BBC news director James Harding told a Society of Editors conference last year that he wanted the BBC to help with a “revival” of local journalism, according to UK press news website Hold The Front Page.

“Local newspapers serve audiences across England and publish thousands more stories than the BBC each week,” BBC English regions controller David Holdsworth said, in comments published by Hold The Front Page.

“This is an example of a way the BBC can … contribute to a thriving local news market,” Mr Holdsworth said.

 

Newspapers still dominate Pulitzers despite wider entries

Print media has dominated the Pulitzer Prizes, with newspapers taking home the bulk of the awards, despite magazines having a shot at the prizes for the first time.

“These are, for the most part, long-time newspapers,” Pulitzer administrator Mike Pride said, in comments reported by Capital New York.

“However … the digital components of their work is becoming more and more sophisticated, so what you’re seeing, I think, is newspapers know where the future is … and it shows in the results here.”

The New York Times won three prizes: one for investigative reporting, one for international reporting and one for feature photography by freelancer Daniel Berehulka.

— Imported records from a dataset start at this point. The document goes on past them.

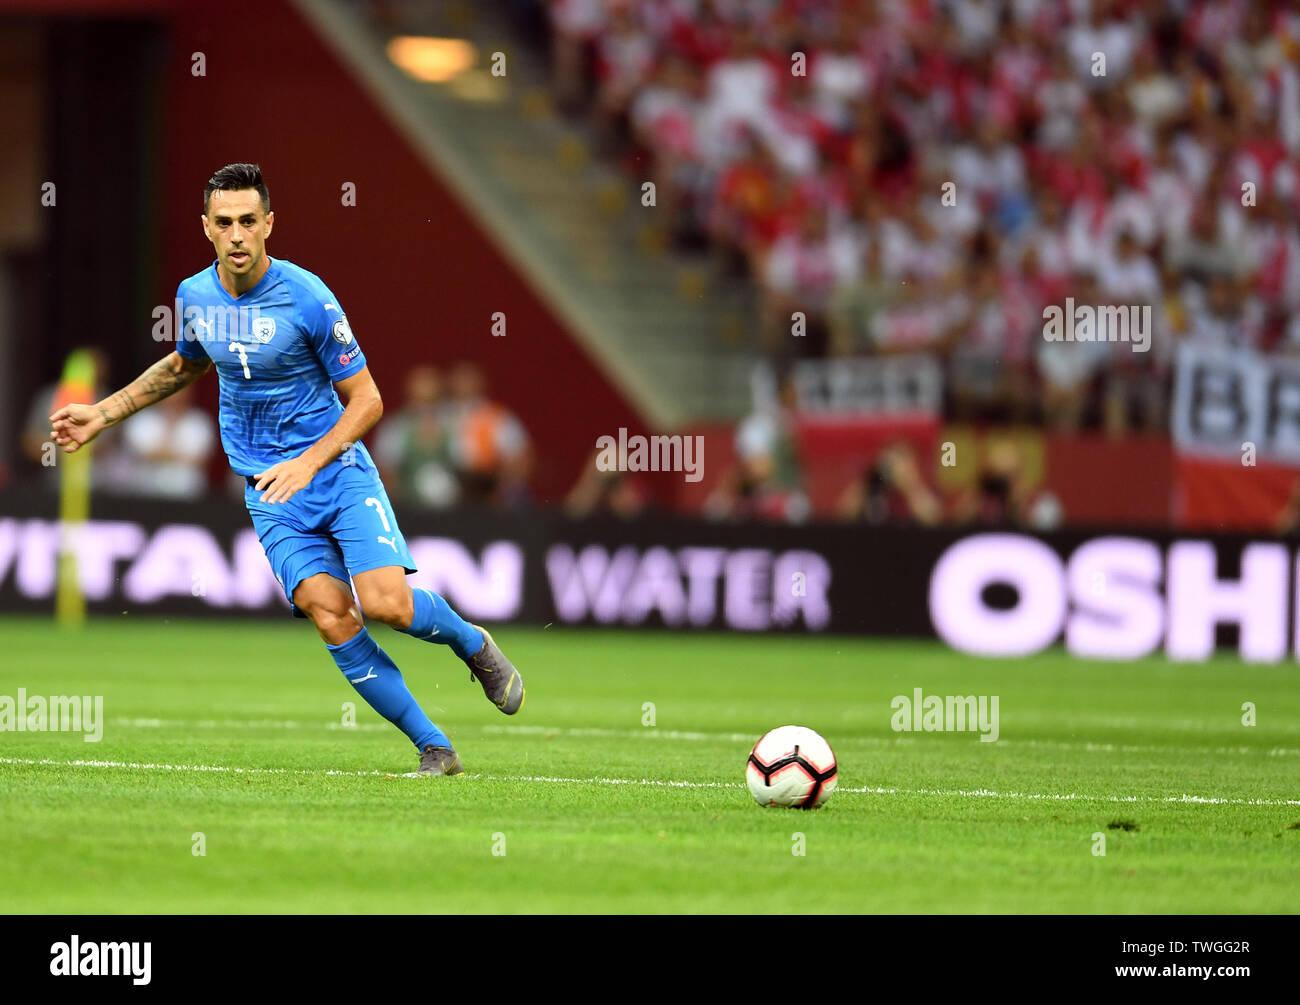 Warsaw, Poland, June 10, 2019: EURO 2020 qualifing round, group stage, Poland wins 4:0 with Izarel on PGE Narodowy. Eran Zahavi (Izrael) - Stock Image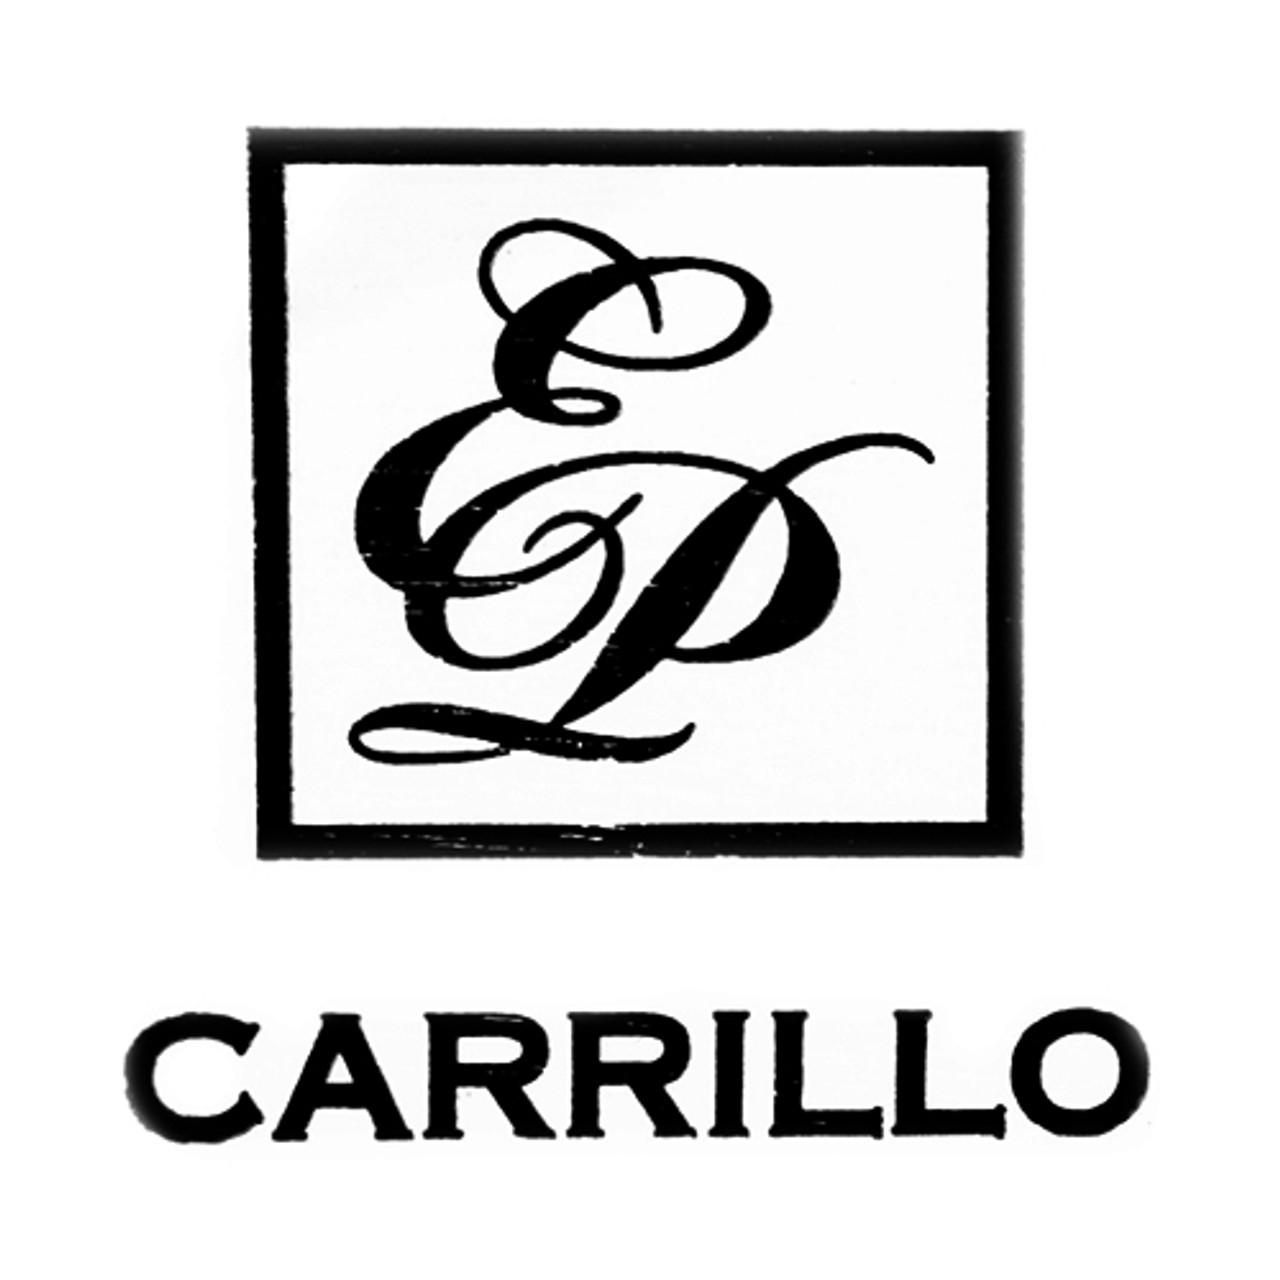 E.P. Carrillo Seleccion Oscuro Robusto Gordo Cigars - 5 x 54 (Box of 24)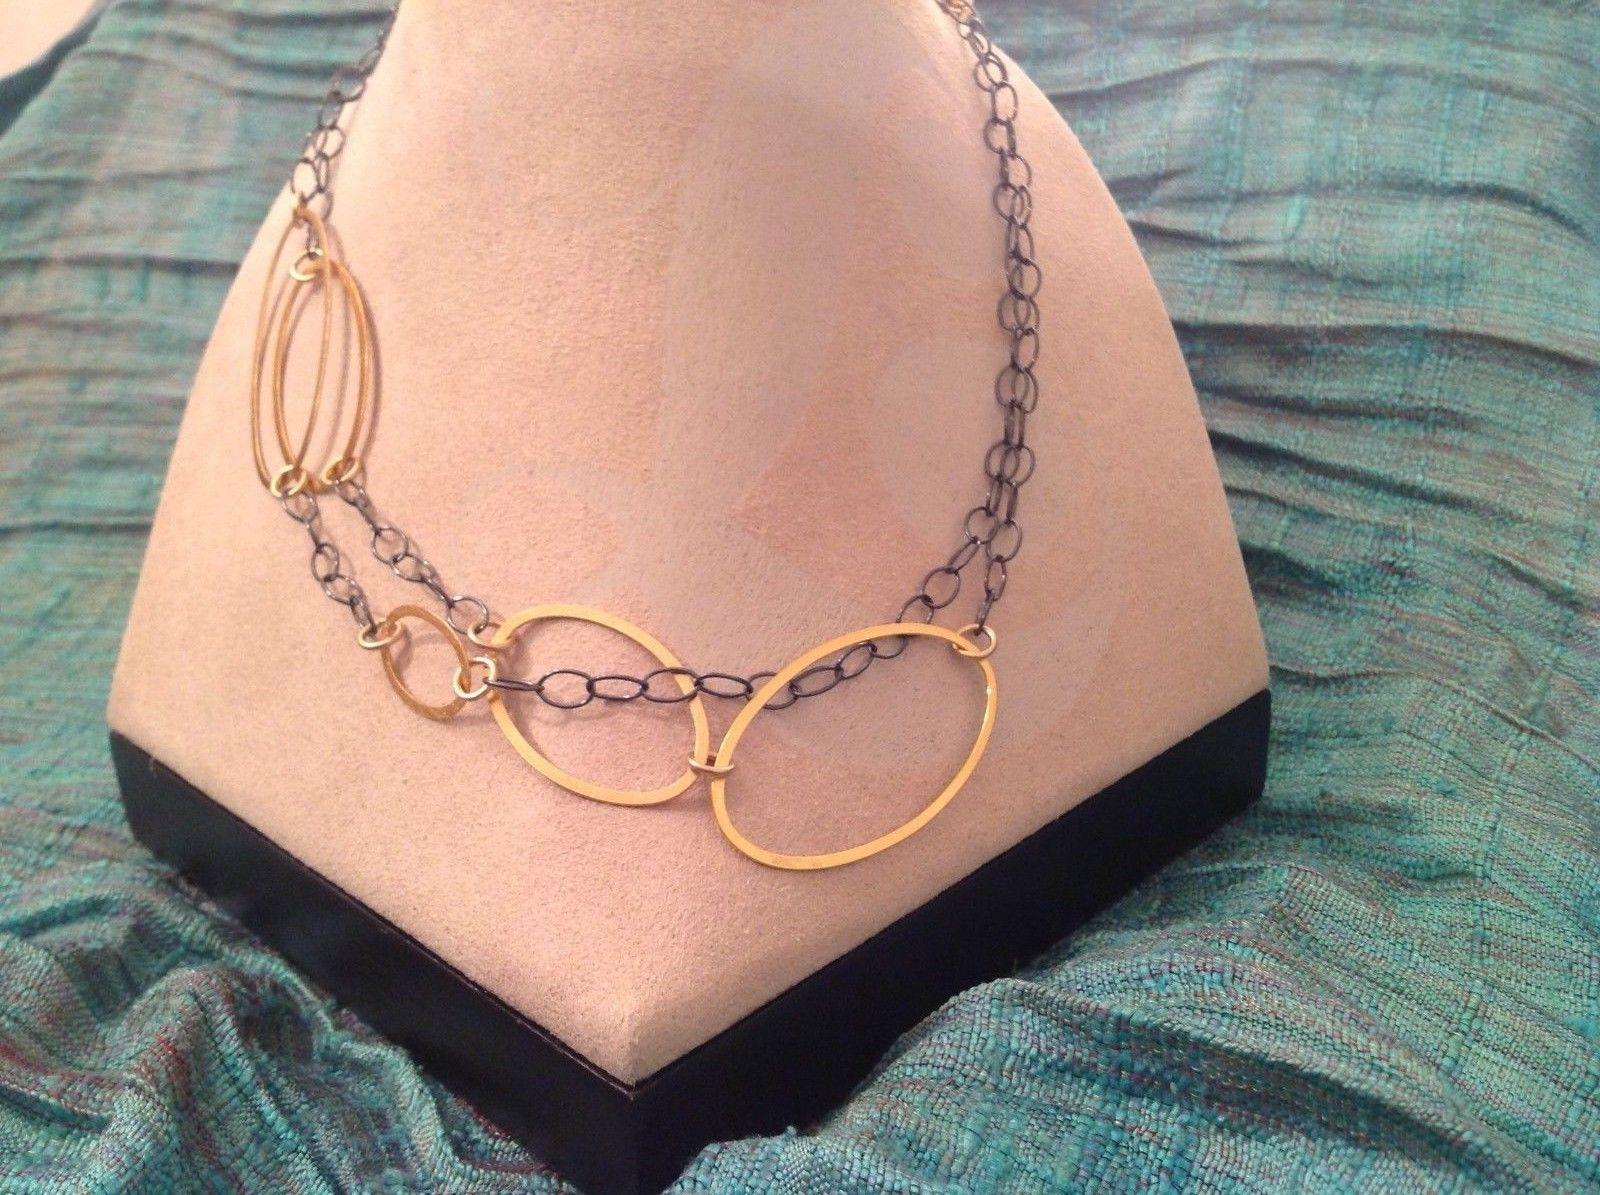 Long Multi Oval Necklace Gold w Black Oxide Silver Chain Handmade Zina Kao

The Los Angeles Times took out two awards: one in feature writing, and one in criticism.

However, it was a local newspaper that received the most attention. The South Carolina-based Charleston Post and Courier won the public service prize for its investigative series on rampant domestic violence in the local area, “Till Death Do Us Part.”

The Post and Courier is a family-owned newspaper and has a circulation of around 85,000. It was the paper’s first Pulitzer in 90 years.

 

The Atlantic redesigned as ‘real-time magazine’

US magazine The Atlantic has redesigned its website to make it visually stronger and appear more like a magazine.

The new design features significantly larger images and cleaner, more modern typefaces.

TheAtlantic.com editor JJ Gould said in an editorial column the decision to revamp the site was based on a question over the purpose the site was serving: Is it the website of a magazine? Is it a news site?

“The answers … are all in one way or another, yes. But we figured we’d try a thought experiment: What if we described The Atlantic.com as a direct, dynamic, digital extension of our core identity in journalism – as a real-time magazine?”

The homepage is modular so editors can move sections around the page depending, to respond to big breaking news or to highlight a particular long-form feature.

“What you won’t find, we hope, is the impression of diminishing importance as you scroll down,” Mr Gould wrote.

The redesign was done entirely in-house.

 

Members of freelancer coalition almost triple

Dozens more news organisations have signed up to guidelines to improve the safety of freelance reporters, released in February.

Early adopters AP, AFP, the BBC and The Guardian have been joined by Bloomberg, Mashable and USA Today, among others.

The guidelines recommend freelancers learn first aid and wear protective clothing, while news organisations are urged to treat freelancers no differently to full-time staffers and help them in cases of kidnap or injury.

There are now a total of 60 signatories from groups across the world – including Iraq, Belarus, the Philippines and Kazakhstan.

However, a number of high-profile organisations like The New York Times, The Washington Post and major US television networks have not signed up.

Reuters reporter David Rohde, who helped draft the guidelines, told media news site Poynter that as long as the guidelines had raised awareness of the issue at those outlets then they had done their job.